> EXERCISE DETAILS
Look below for the line with "A pupil scraping" and the line with "64L Airforce &"; repeat exactly those two lines and all lines between them, but no pictures.

> RECORDS SUPPLIED
***

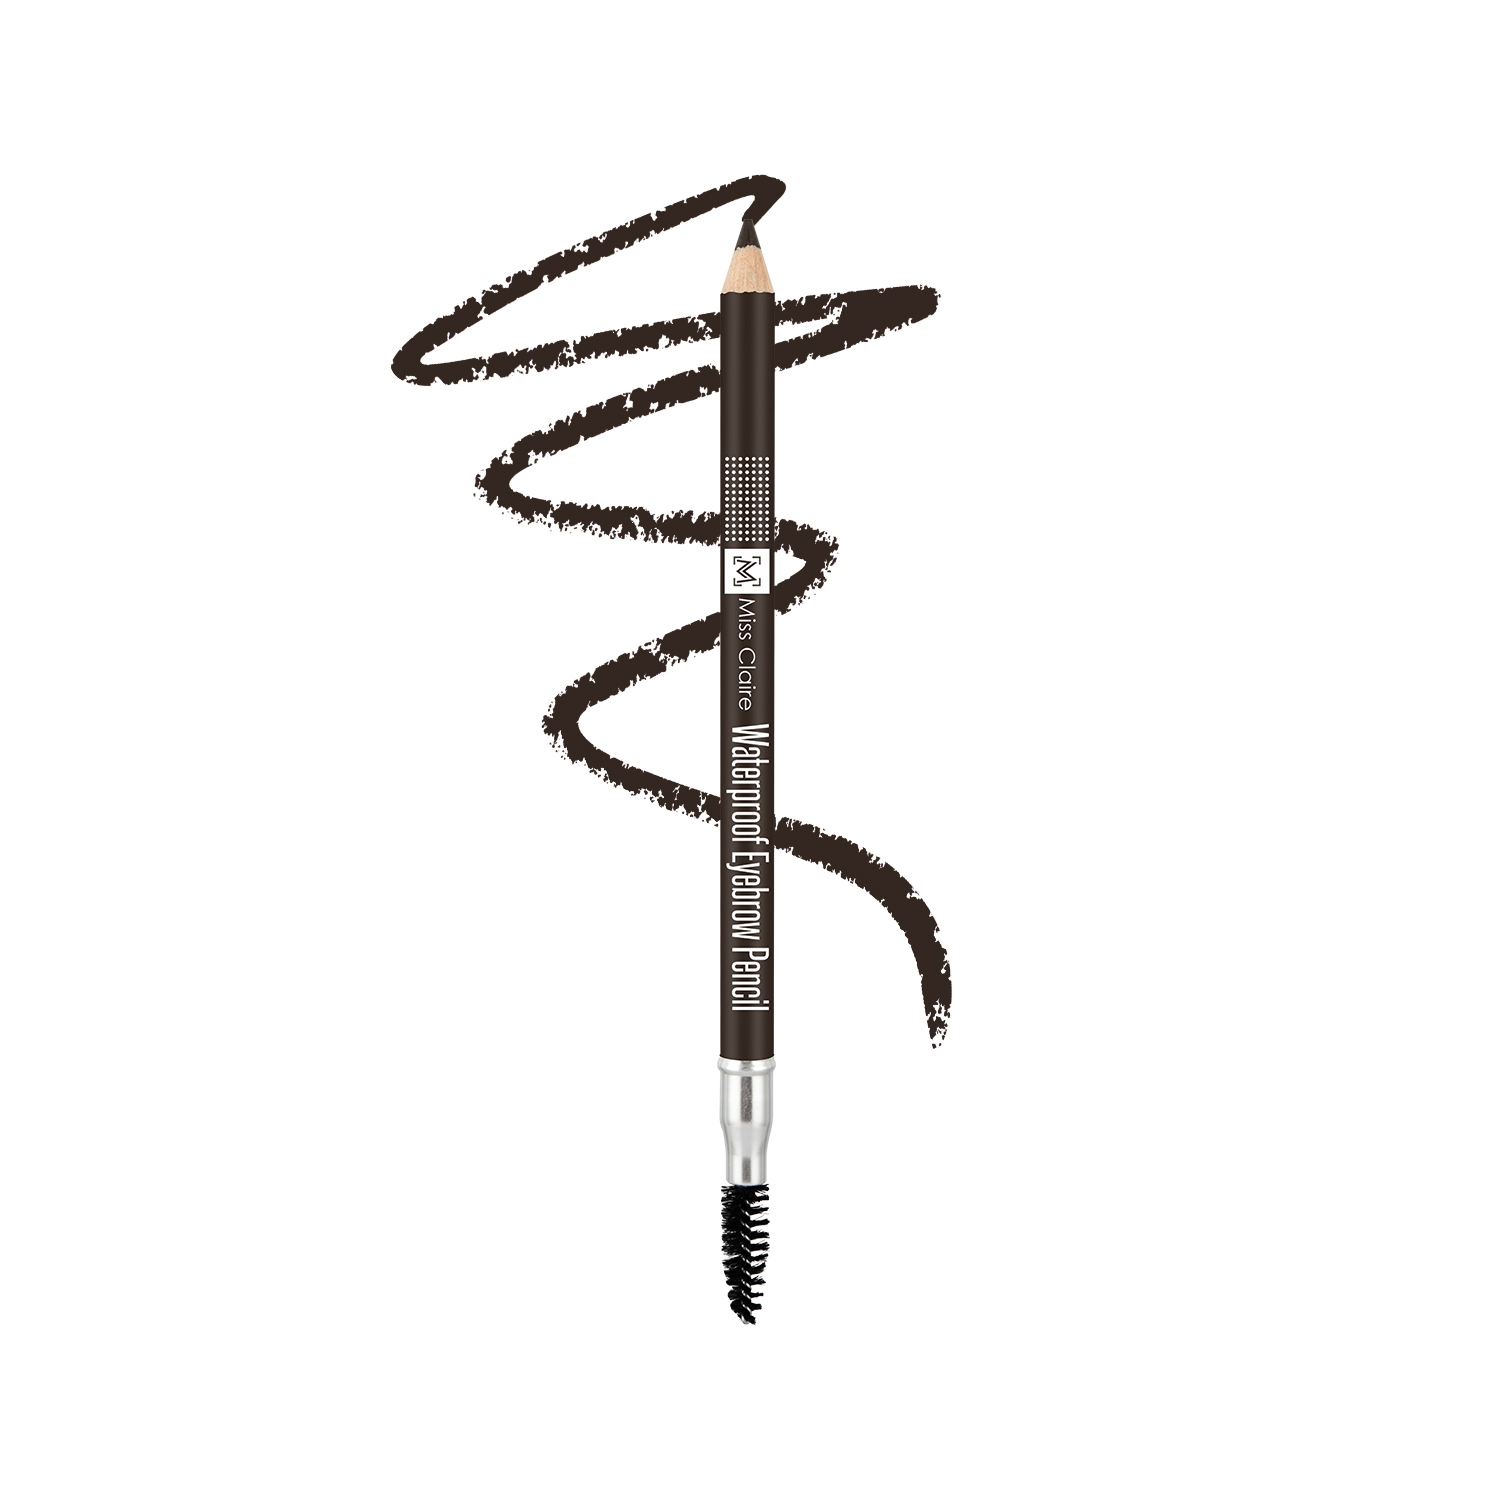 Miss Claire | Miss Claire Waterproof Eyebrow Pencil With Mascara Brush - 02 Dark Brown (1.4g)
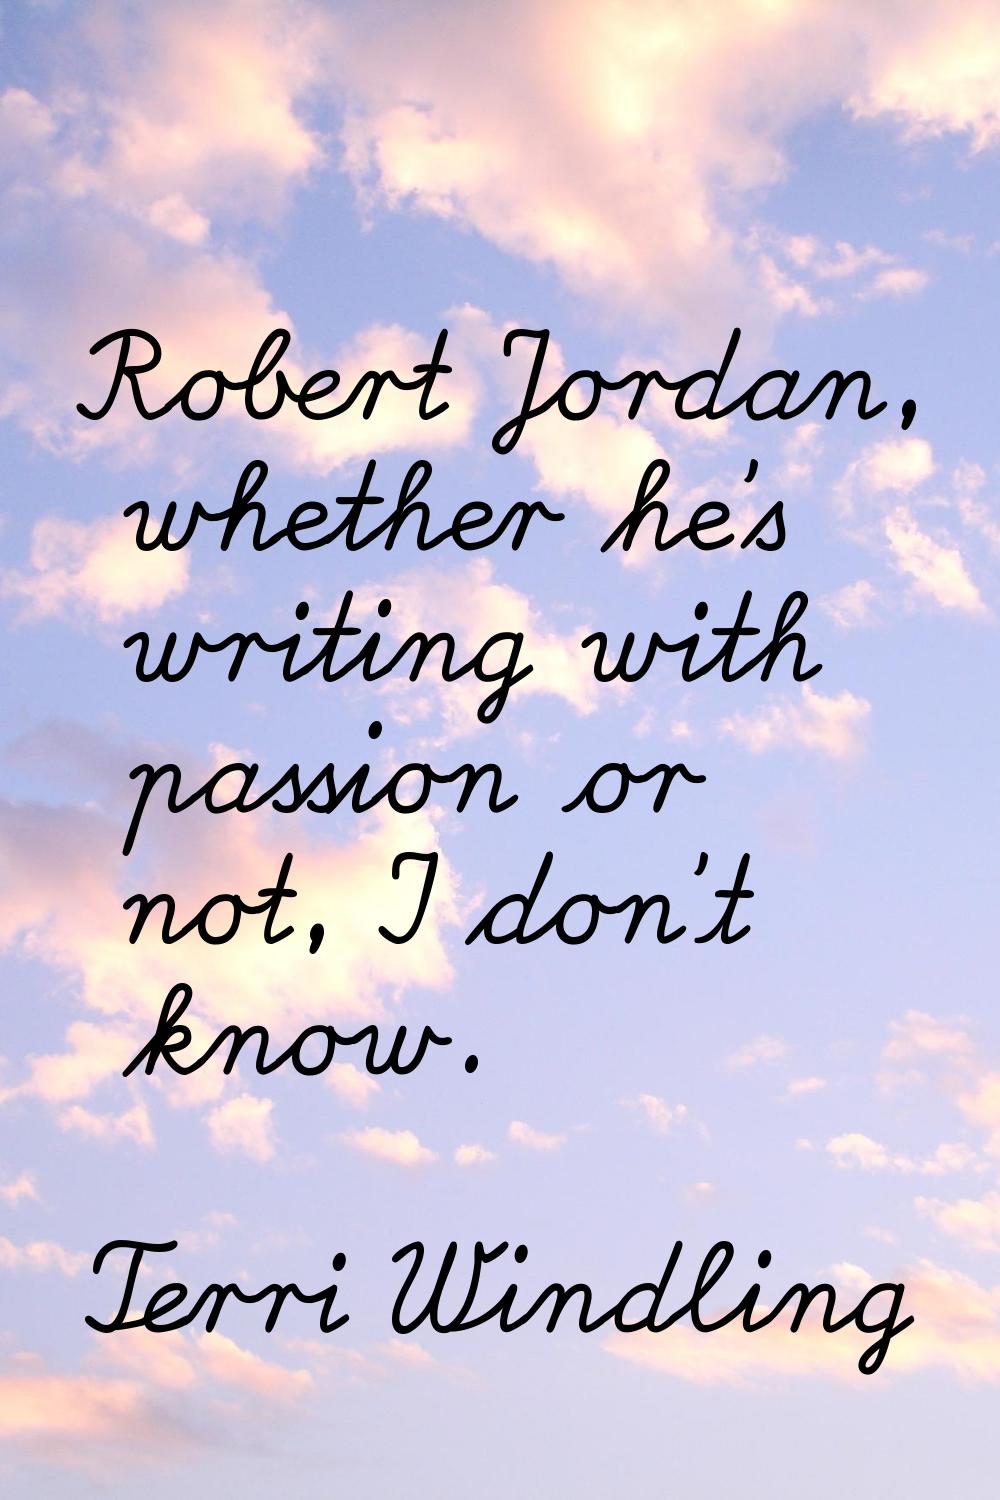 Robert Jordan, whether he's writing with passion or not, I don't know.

***

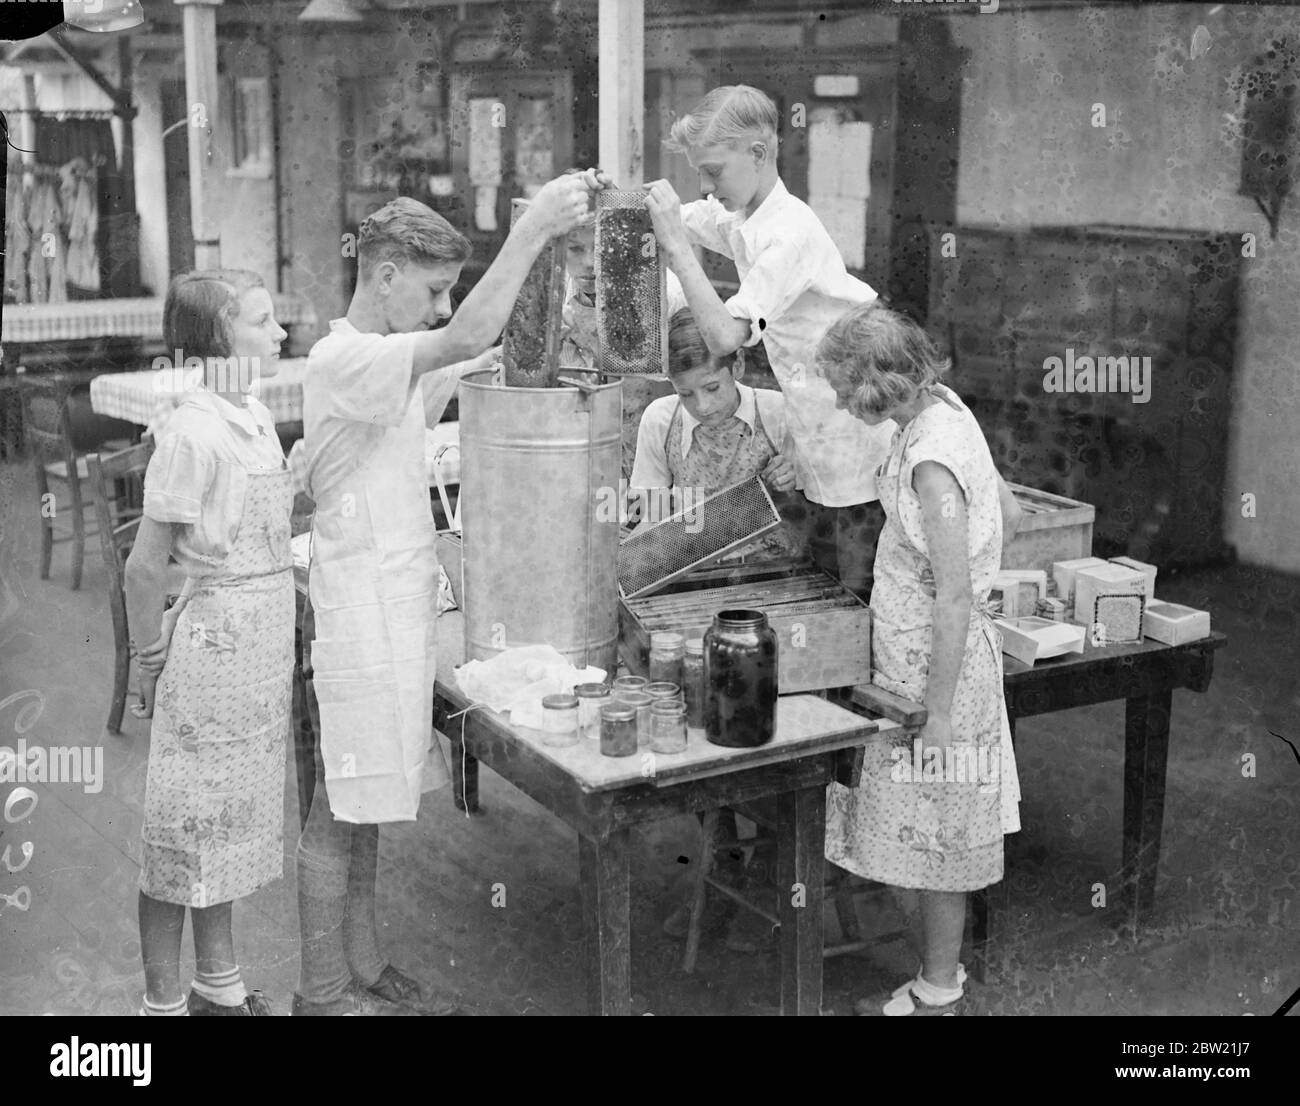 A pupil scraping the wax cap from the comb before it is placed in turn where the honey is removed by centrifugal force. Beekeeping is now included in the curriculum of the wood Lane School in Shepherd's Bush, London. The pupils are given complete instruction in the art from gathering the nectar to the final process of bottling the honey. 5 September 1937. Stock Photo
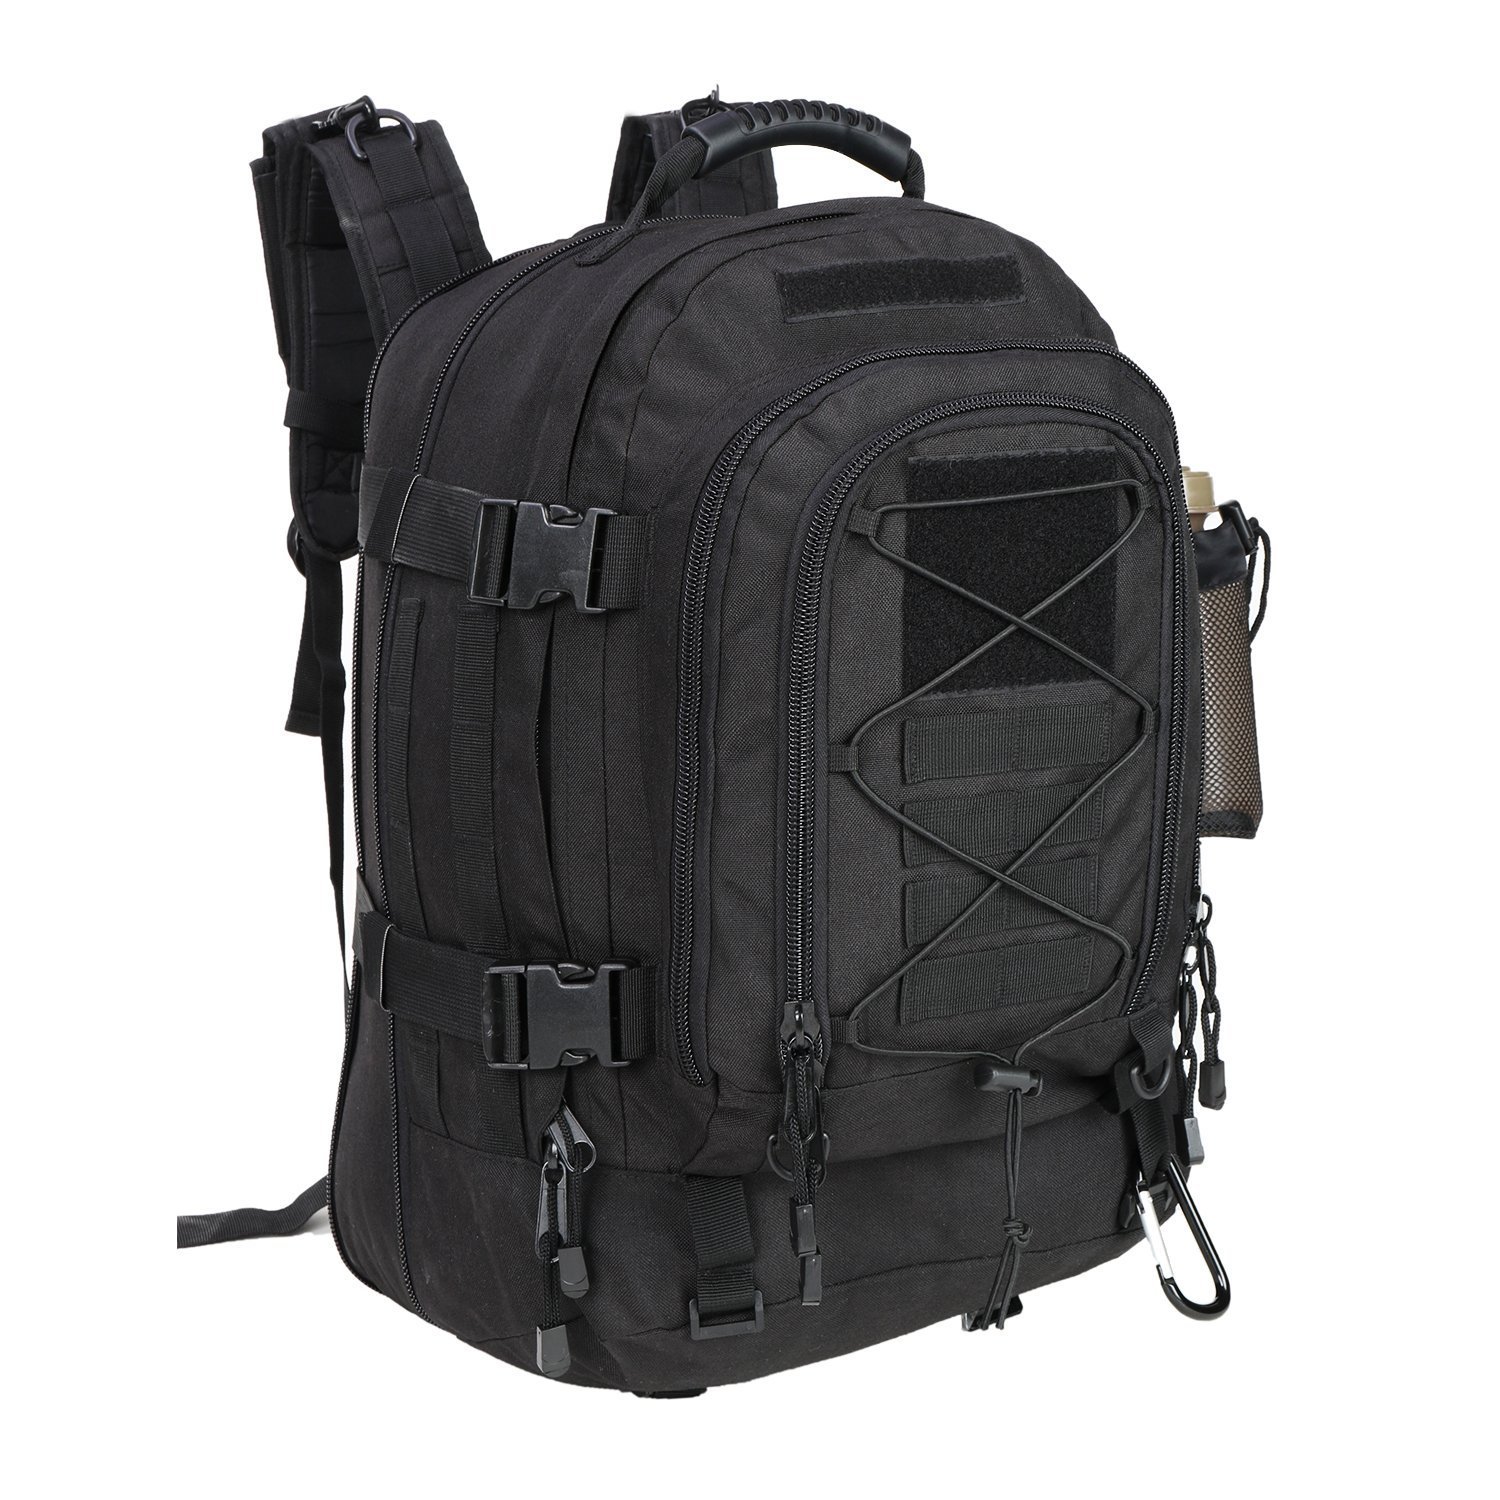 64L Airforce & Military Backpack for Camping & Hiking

***

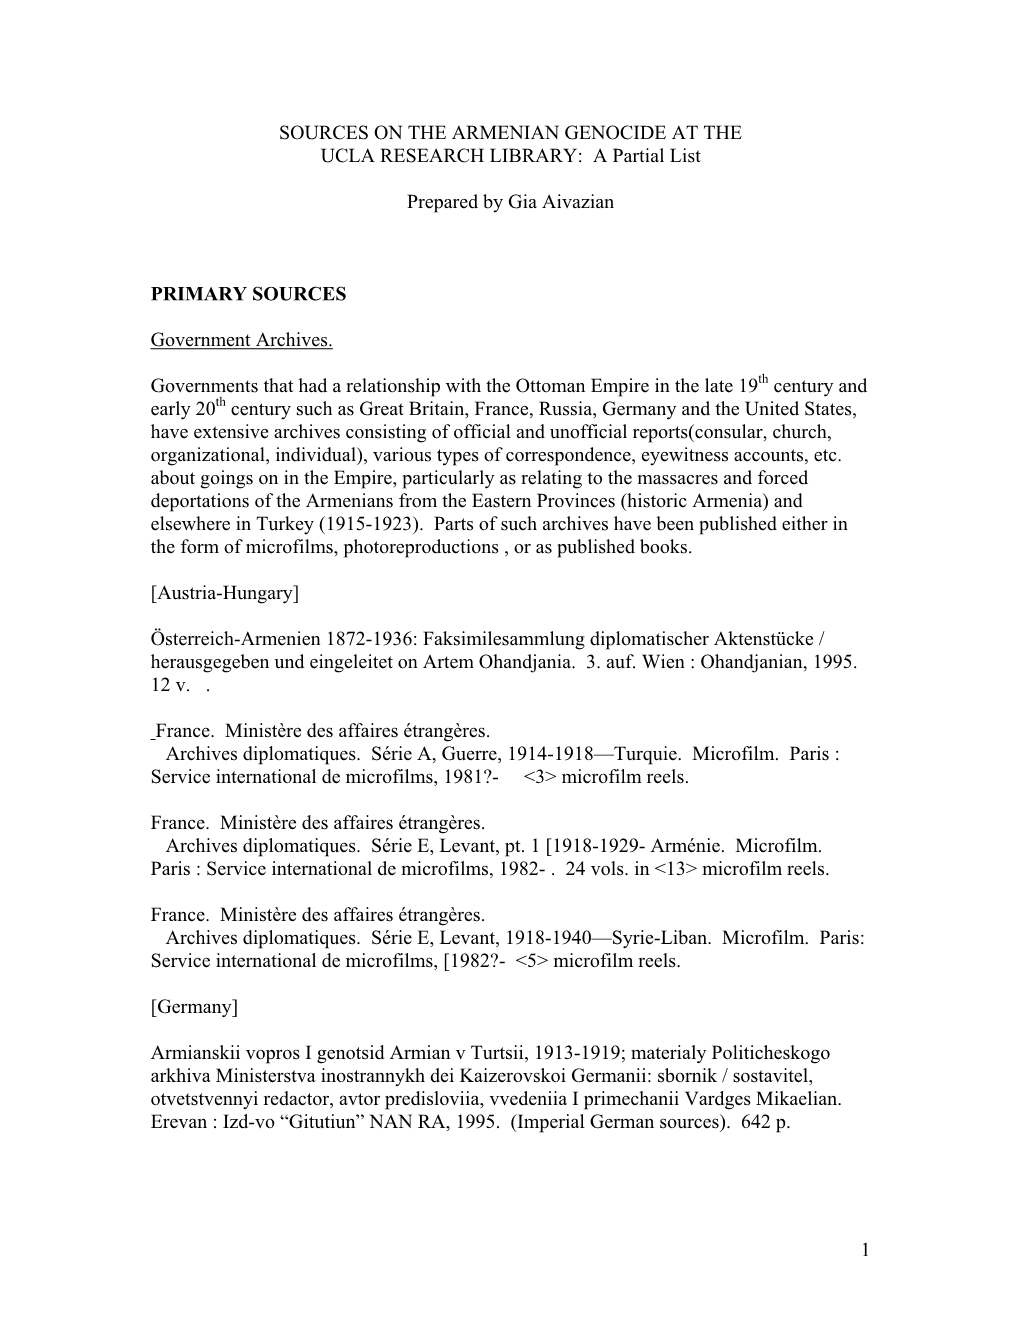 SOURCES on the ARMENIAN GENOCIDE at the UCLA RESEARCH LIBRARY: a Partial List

***

> EXERCISE SOLUTION
 A pupil scraping the wax cap from the comb before it is placed in turn where the honey is removed by centrifugal force. Beekeeping is now included in the curriculum of the wood Lane School in Shepherd's Bush, London. The pupils are given complete instruction in the art from gathering the nectar to the final process of bottling the honey. 5 September 1937. Stock Photo
 64L Airforce & Military Backpack for Camping & Hiking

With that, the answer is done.